城壁は内と外で空間を区切ったように景色を分断していた。
防衛のある安全な城壁内部は狭い敷地内に建物が所狭しと建てられている。
建物も平屋よりも何階建てと言うような背の高い建物もあり、アパートメントのように
住む居住も狭い。対して城壁の外に出てしまえば、新緑が目に入る。
ゆとりある土地は畑も草原もあり、街道は大きく、細道に分かれて時々、人の居住する建物が見えた。
土地に余裕があるから平屋もある。
その中で森の入り口近くにあるその建物は馬車で街道を通る人間には見落としがちな位置に
ひっそりと佇んでいる。
家の作りはレンガか石なのかしっかりとした塔もあるちょっとした城砦にも見える
貴族の別荘のような可愛らしい建物である。
その城門にさしかかりベルを鳴らすとその家の家人が応対し(たぶん庭師)
主人へと来客を知らせに行く。
走っていく使用人を尻目に二人はゆっくりと歩いて庭を眺めながら建物へと近づいていく。

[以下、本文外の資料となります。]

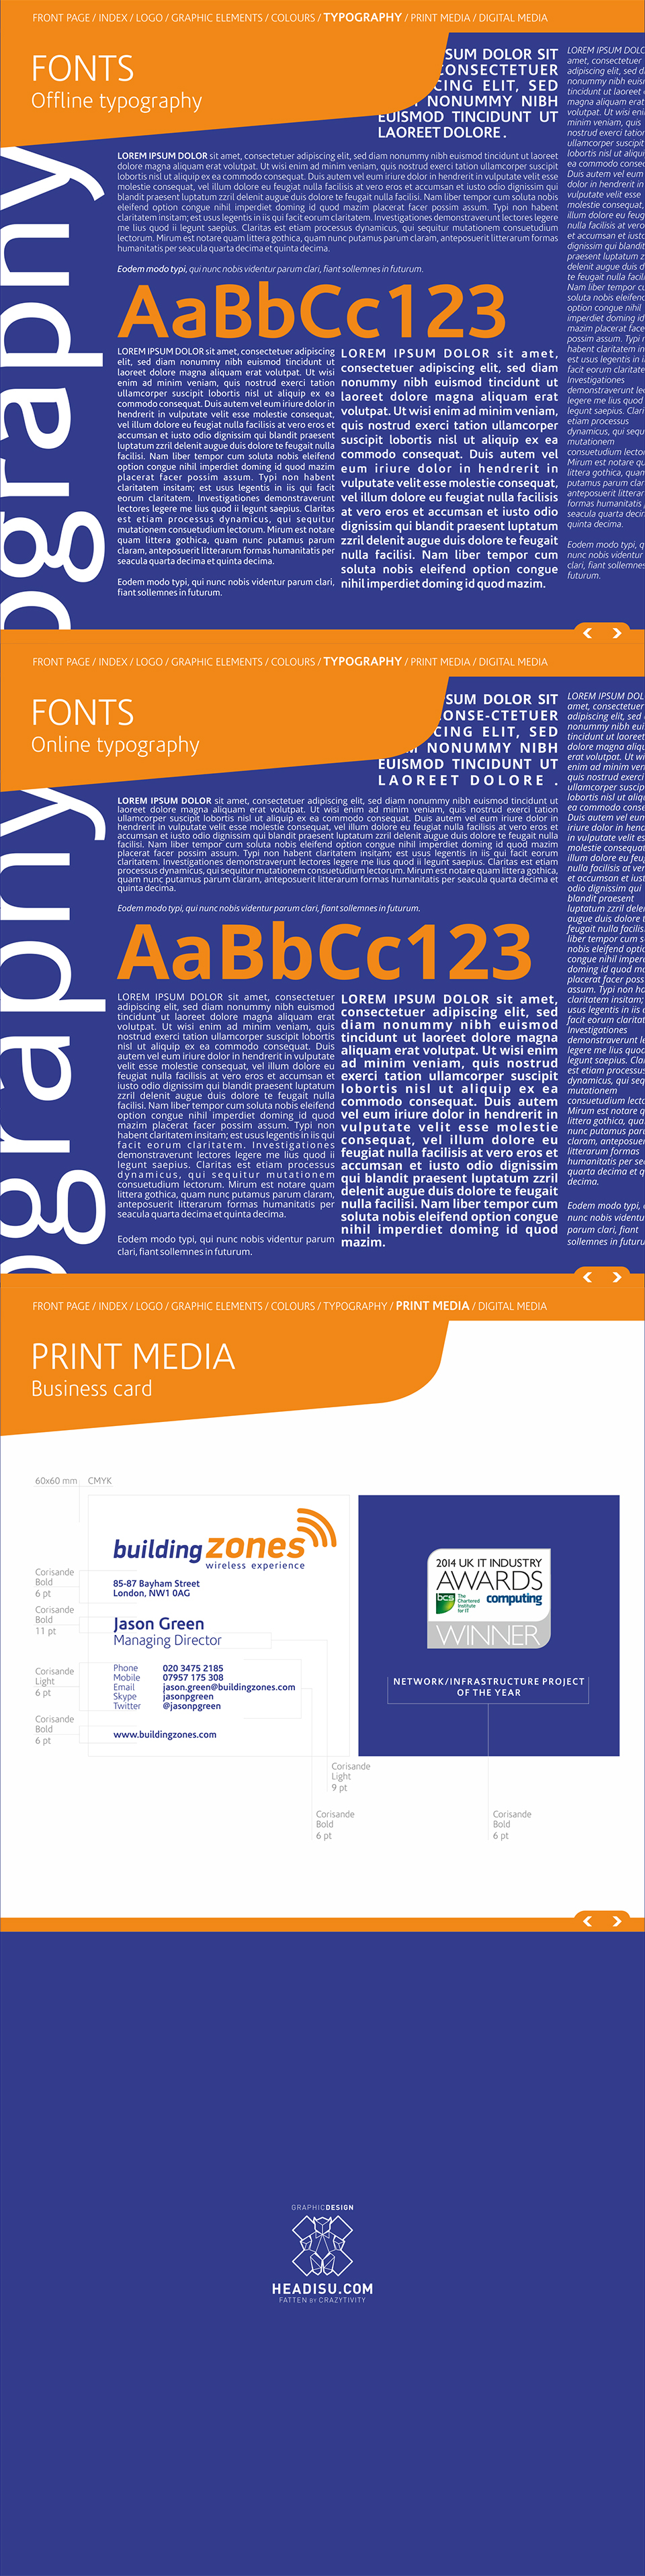 BuildingZones-cvi-3
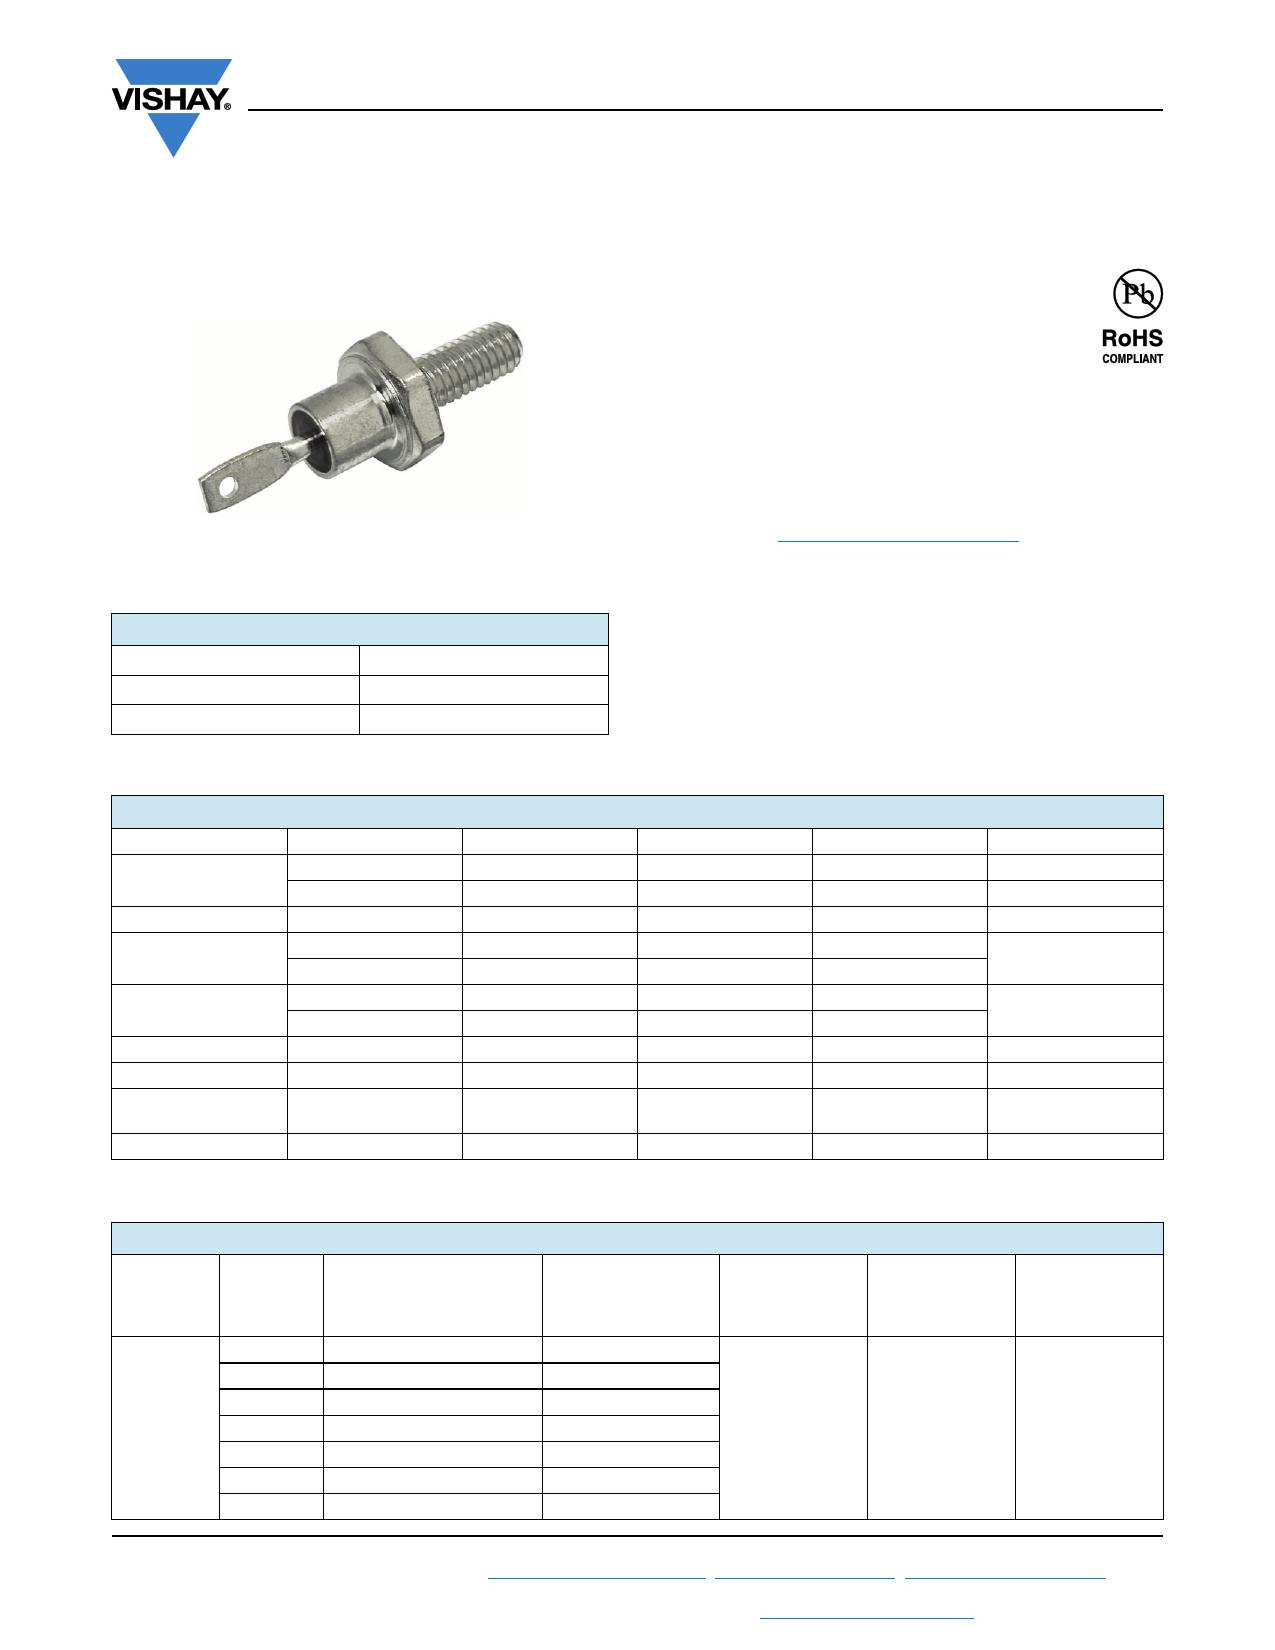 VS-1N3892 datasheet

庭に隠れた遠くには馬小屋も見えるので馬のいななきも聞こえる。
貴族でなくともジェントル、騎士階級か、それなりの人物のすまいなのだろうか。
華美たところはないがセンスのいいガーディナーにプランターが目に入る。
ハーブや薬草も目に付く。
この家の女主人の趣味か、コックが植えさせているのか。
「ようこそ、いらっしゃられました。イレネ様、それにレン様。主人がお待ちです」
執事の変わりにパーラーメイドが二人を屋敷に招きいれる。
これはいよいよ現役の貴族ではなく、現役を退いた引退組みの隠れ家か。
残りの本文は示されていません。